Single by Dierks Bentley

from the album Home
- Released: March 21, 2011
- Recorded: 2011
- Genre: Country rock
- Length: 3:11
- Label: Capitol Nashville
- Songwriters: Dierks Bentley; Jim Beavers; Jon Randall;
- Producer: Jon Randall;

Dierks Bentley singles chronology
| "Draw Me a Map" (2010) | "Am I the Only One" (2011) | "Home" (2011) |

= Am I the Only One (Dierks Bentley song) =

"Am I the Only One" is a song co-written and recorded by American country music artist Dierks Bentley. It was released in March 2011 as the sixteenth single release of his career and the first from his 2012 album Home. The song reached number one on the U.S. Billboard Hot Country Songs chart in September 2011.

==Background and writing==
Bentley told Billboard that, following his bluegrass album Up on the Ridge, he wanted to "be back on [radio] and I wanted my fans to hear our stuff. I wanted to come back with a song that was fun for fans and fun for country radio and fun for us to play every night." He co-wrote the song with Jon Randall, who produced Up on the Ridge, and Jim Beavers, who co-wrote Bentley's "Sideways". (Beavers' brother, Brett Beavers, produced all of Bentley's other albums.) Jim Beavers suggested the lyric "Am I the only one who wants to have fun tonight?", and the other two finished the song.

==Content==
"Am I the Only One" is an up-tempo about a man who wants to party, but finds that his friends have other interests. In the chorus, the narrator asks, "Am I the only one who wants to have fun tonight?" The first verse includes the names of some of Bentley's actual friends.

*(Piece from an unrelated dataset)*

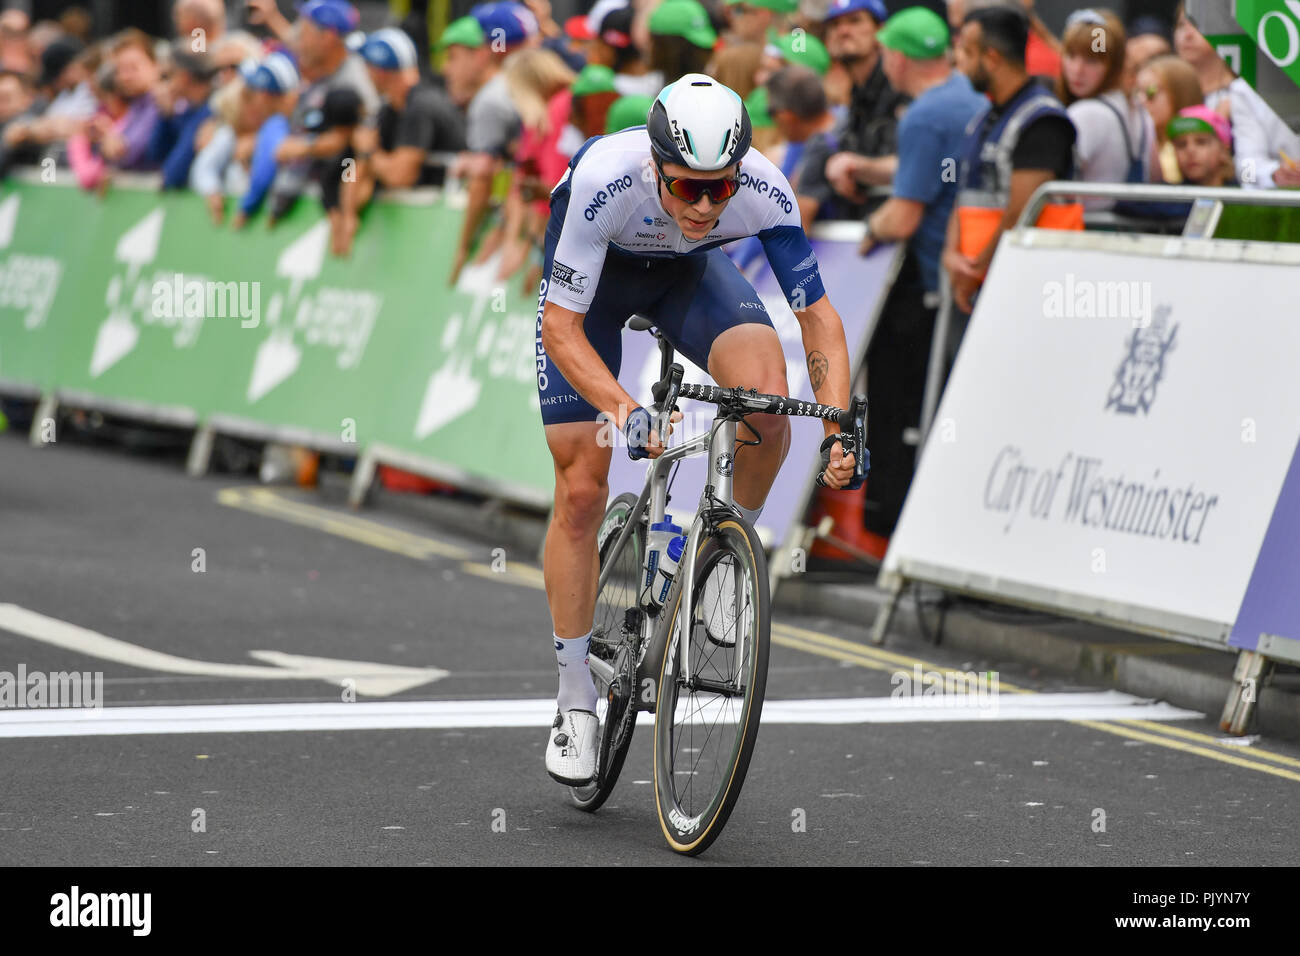 London, UK. 9th Sept 2018. Thomas Baylis of One Pro Cycling in today's action during 2018 OVO Energy Tour of Britain - Stage Eight: The London Stage on Sunday, September 09, 2018, LONDON ENGLAND: Credit: Taka Wu/Alamy Live News Stock Photo

This song is set in the key of A major and uses a basic three-chord structure. The first verse is A-E-A-E-A, while the second verse, which has a slightly different meter, uses A-E-A-D-E-A. The chorus uses the pattern A-D-E-A-D-E-A.

==Critical reception==
Matt Bjorke of Roughstock rated the single four stars out of five, calling it a "light-hearted party anthem" and thought that its sound recalled Bentley's debut single, "What Was I Thinkin'". Kevin John Coyne of Country Universe gave it a B− grade, saying that he enjoys the "boozy lethargy, especially in Bentley’s performance– it’s like he really doesn’t give a damn about anything so long as he gets his party on." He states that compared to his single, "Up on the Ridge", the song falls a little less flat. In 2017, Billboard contributor Chuck Dauphin put "Am I the Only One" at number nine on his top 10 list of Bentley's best songs.

==Music video==
The music video was directed by Deaton Flanigen and premiered in April 2011. His band members have acting roles in the music video. An NHL version of the music video was released and directed by Ryan Silver.

==Chart performance==

| Chart (2011) | Peak position |
|---|---|
| Canada Hot 100 (Billboard) | 65 |
| Canada Country (Billboard) | 1 |
| US Billboard Hot 100 | 39 |
| US Hot Country Songs (Billboard) | 1 |

===Year-end charts===

| Chart (2011) | Position |
|---|---|
| US Country Songs (Billboard) | 6 |

==Certifications==

| Region | Certification | Certified units/sales |
| Canada (Music Canada) | Gold | 40,000^{*} |
| United States (RIAA) | Platinum | 1,000,000^{‡} |
^{*} Sales figures based on certification alone. ^{‡} Sales+streaming figures based on certification alone.